The present invention provides the EDTA as an effective, inexpensive scale dissolver that is particularly effective at dissolving sulfate scales such as alkaline earth metal sulfate scales. Furthermore, the dissolver compositions of the invention are relatively easy to use.
The chelating agent should be present in: the composition at a level of from about 0.01 to 20% by weight, and more preferably from about 0.1 to 10% by weight, and more preferably from 1.0 to 8.0% by weight, and more prerferably from 2 to 6% by weight based on the total weight of the composition taken as 100% by weight. One example utilizes 4.0 percent by weight based on the total weight of the composition.
The cleaning composition according to the invention may further comprise a corrosion inhibitor. A preferred corrosion inhibitor is sodium metasilicate pentahydrate (SMS.5H.sub.2 O), which is an aluminum corrosion inhibitor.
A corrosion inhibiting scouring agent such as sodium metasilicate pentahydrate, sodium metasilicate anhydrous, silicates can be incorporated into the instant composition in effective amounts of up to 10 percent by weight, and more preferably in amounts from 0.1 to 6.0 percent by weight, more preferably from 1 to 4.0 percent by weight based on the total weight of the composition. One preferred example utilizes sodium metasilicate at 3 percent by weight based on the total weight of the composition.
Sodium metasilicate anhydrous and/or other silicates can be added to the composition alone or in combination with other corrosion inhibitors and/or scouring agents. Typically the silicates are added to the formulation in effective amounts which enhance cleaning without pitting the surface of levels of from 0.1 to 10 percent by weight and preferably at levels of from 1 to 5 percent by weight and more preferably in levels from 2 to 4 percent by weight.

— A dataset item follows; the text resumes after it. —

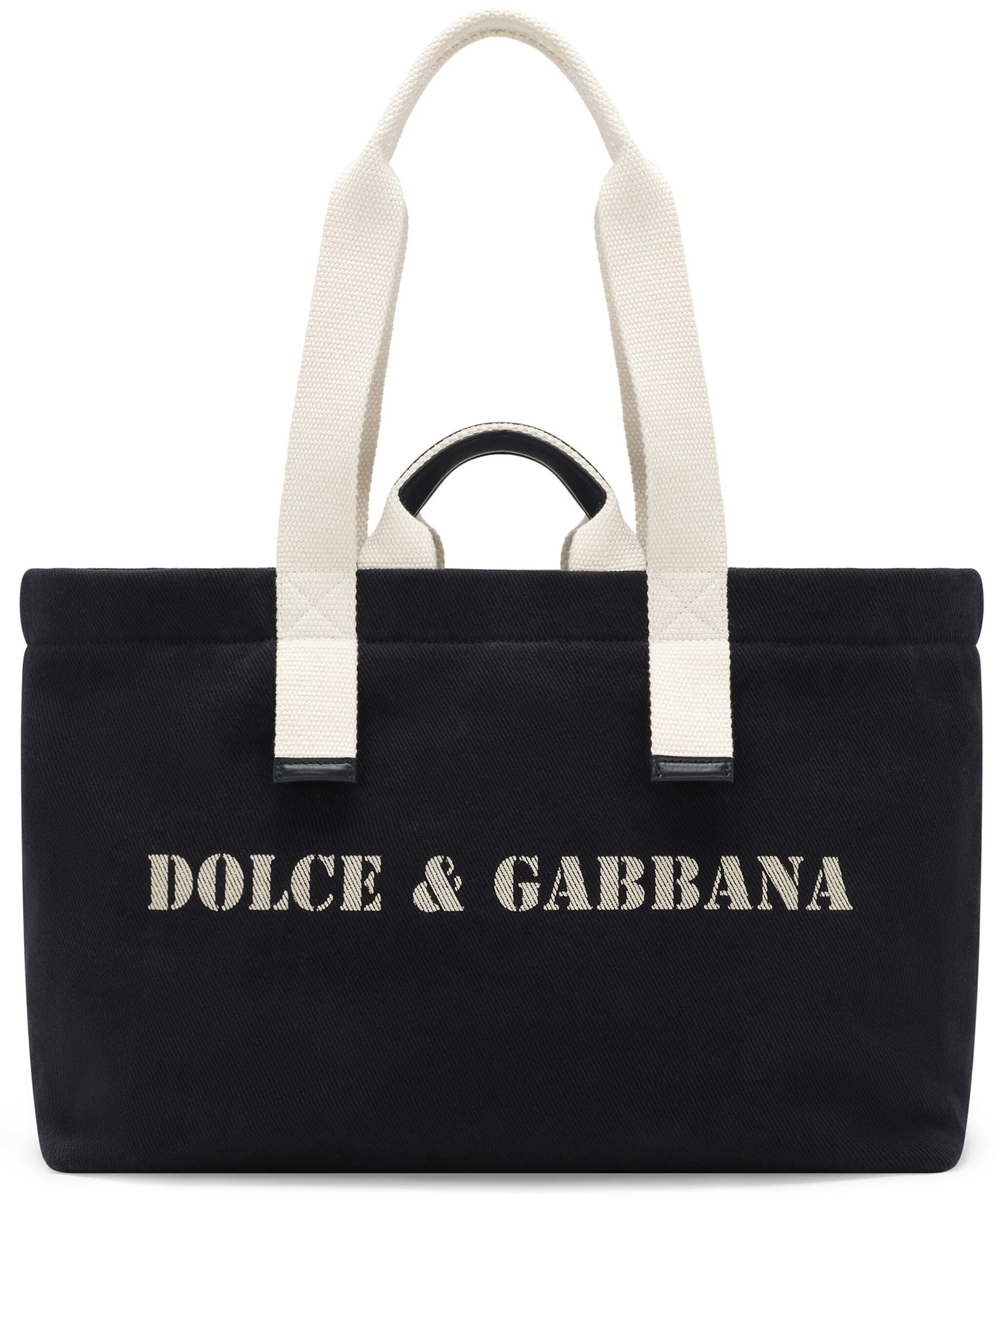 Dolce & Gabbana Shoulder Bag With Print In Black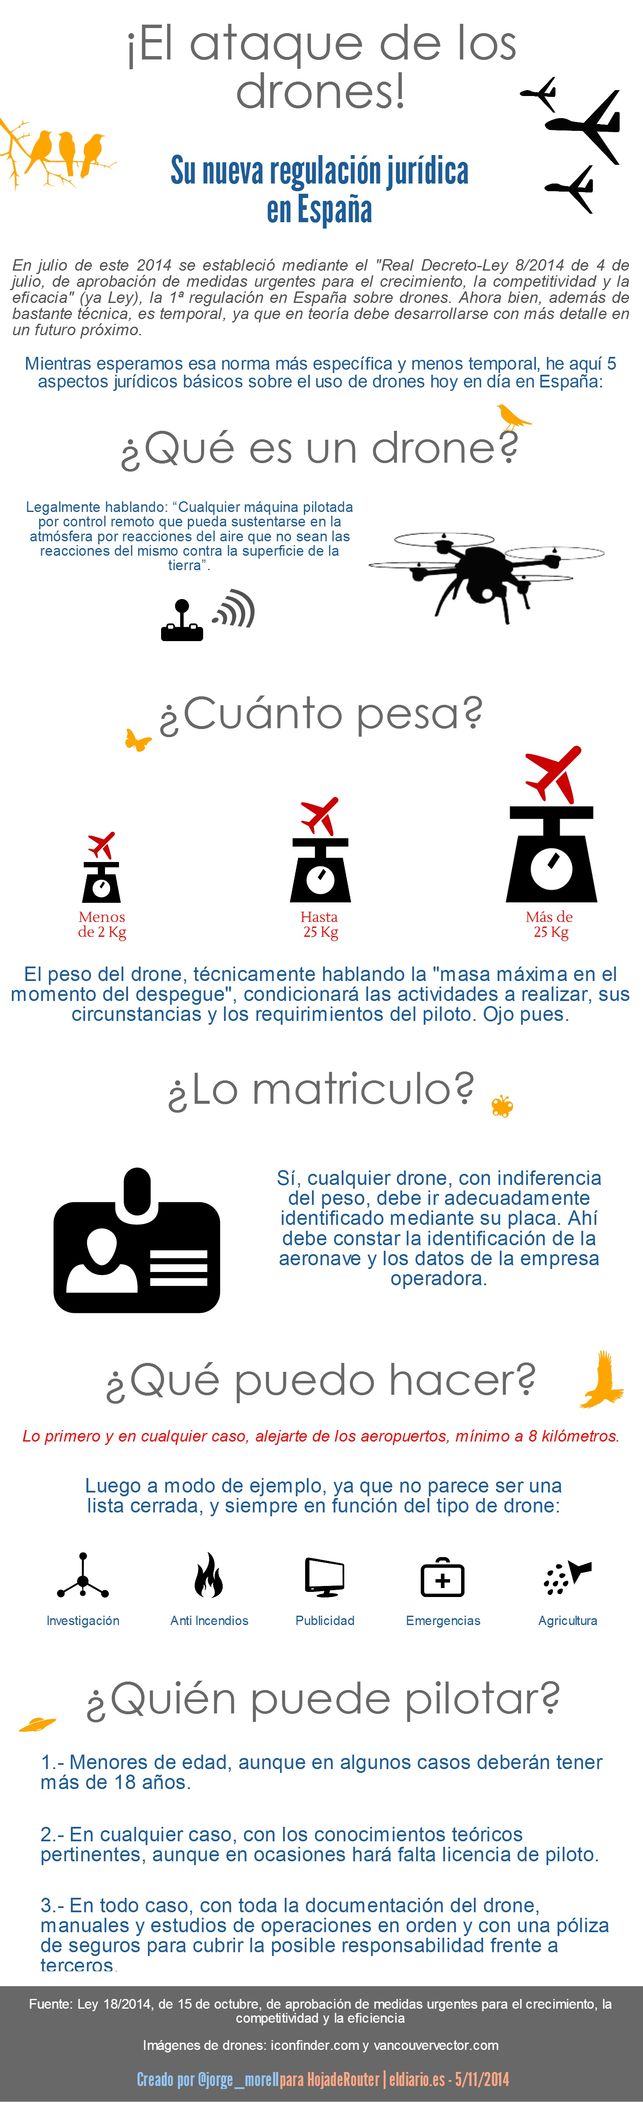 Cinco aspectos básicos en la regulación en materia de drones en España

The instant invention is directed to the compound sodium metasilicate, and its various hydrates because these are believed to be industrially the most important crystalline soluble, or alkali metal, silicates. Other crystalline alkali metal silicates are known to exist such as sodium disilicate, postassium metasilicate, potassium disilicate, and lithium metasilicate.
The principal uses of alkali metal silicates are as detergent materials. They are used alone or in combination with other material. It is common to mix alkali metal silicates with alkali metal hydroxides, phosphates, polyphosphate, carbonates, alkyl aryl sulfonates, fatty acid soaps, resin soaps, nonionic surface active agents to form useful compounded detergents.
Moreover, it is contemplated that various emulsifiers and dispersing agents can be used such as phosphates, and more particularly such as a tripolyphosphate, a trisodium phosphate, acid phosphates such as mono and disodium phosphates and sodium acid pyrophosphate, and/or a tetrapotassium pyrophosphate, and/or combinations thereof can be used with or in place the sodium metasilicate anhydrous or other silicates in combination with the polymers set forth herein to obtain an alternate embodiment of the present invention. The phosphates and other emulsifiers such as sodium citrate are typically used in effective amounts of up to 10 percent by weight, and more preferably from about 0.1 to 5 percent by weight.
Alcohol ethoxylate:
The instant invention uses nonionic linear alcohol ethoxylates preferably incorporated in amounts ranging from 1 to about 20 percent by weight of the total composition, with a range of from about 1 to 10 percent by weight being more preferred and a range of from 5-10 being most preferred. One preferred embodiment contains 7 percent by weight based on the total weight of the composition.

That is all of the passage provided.